Prosper (pseudonyme) participe à la contestation depuis son début.Les manifestants ont aujourd’hui un sentiment de frustration, car ils ont l’impression d’avoir été manipulés par les putschistes qui ont profité des efforts menés depuis trois semaines pour tenter de prendre le pouvoir. Mercredi, on avait l’impression d’avoir fait un grand pas en atteignant pour la première fois la place de l’indépendance, jusque là impossible d’accès. Deux jours plus tard, c’est comme si la contestation des dernières semaines avait été éclipsée. Ils ont bafoué notre contestation.
Cette tentative de coup d’État est aussi une catastrophe pour la liberté d’expression. À ce jour, en plus de la radio nationale (RTNB), il n’y a plus que deux médias privés qui fonctionnent [Radio Maria FM, une radio chrétienne, et Héritage TV, télévision protestante NDLR] puisque la majorité des radios privés, qu’elles soient favorables à Nkurunziza ou aux manifestants, ont été saccagées [le groupe de presse Iwacu a part ailleurs suspendu jeudi ses activités pour raisons de sécurité NDLR].

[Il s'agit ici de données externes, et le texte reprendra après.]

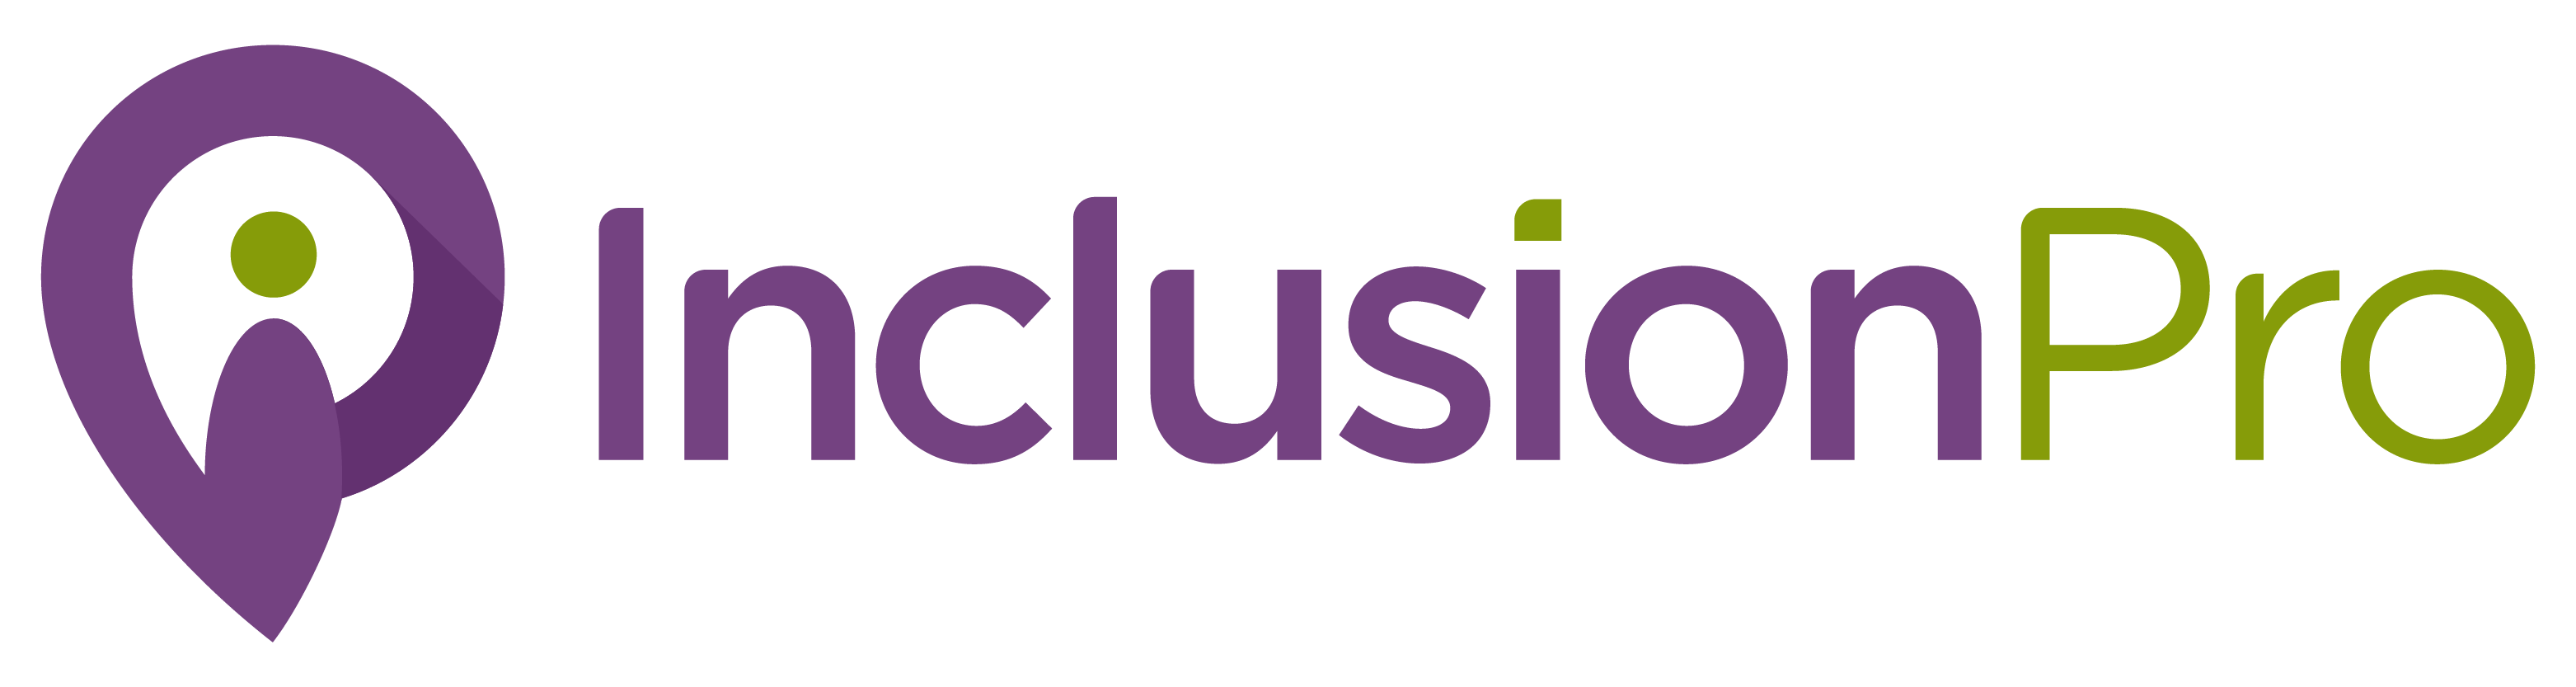 InclusionPro Logo

"Niyombaré, un putschiste marionnette ? La rumeur circule"
Maintenant, on n’a plus que Twitter, WhatsApp et Facebook pour s’informer. Et il y circule beaucoup de rumeurs complotistes. La dernière est que le général Niyombaré n’aurait été qu’un "putschiste marionnette ". Il aurait mené ce coup d’État dans le but de créer le chaos et de pousser les manifestants à rentrer chez eux. Et dans ce contexte les "loyalistes" ont pu démontrer leur supériorité militaire.
La crainte maintenant, c’est que les manifestants soient assimilés à ceux qui ont tenté le coup d’État, et donc totalement discrédités. Ce matin, les quelques personnes qui ont essayé d’ériger des barricades dans mon quartier ont été arrêtées par les policiers qui les ont accusés d’être des putschistes.
Des partisans du président Nkurunziza scandaient des chants se moquant des contestations qui ont échoué, selon nos Observateurs.
Le porte-parole des manifestants, Vital Nshimirimana, a quand à lui affirmé que cette tentative de coup d’État était "l'initiative [de personnes] internes au système du CNDD (le parti au pouvoir)" et que les accusations de connivence entre le mouvement de protestation et les putschistes sont fausses. Il appelle par ailleurs les Burundais à "poursuivre la mobilisation".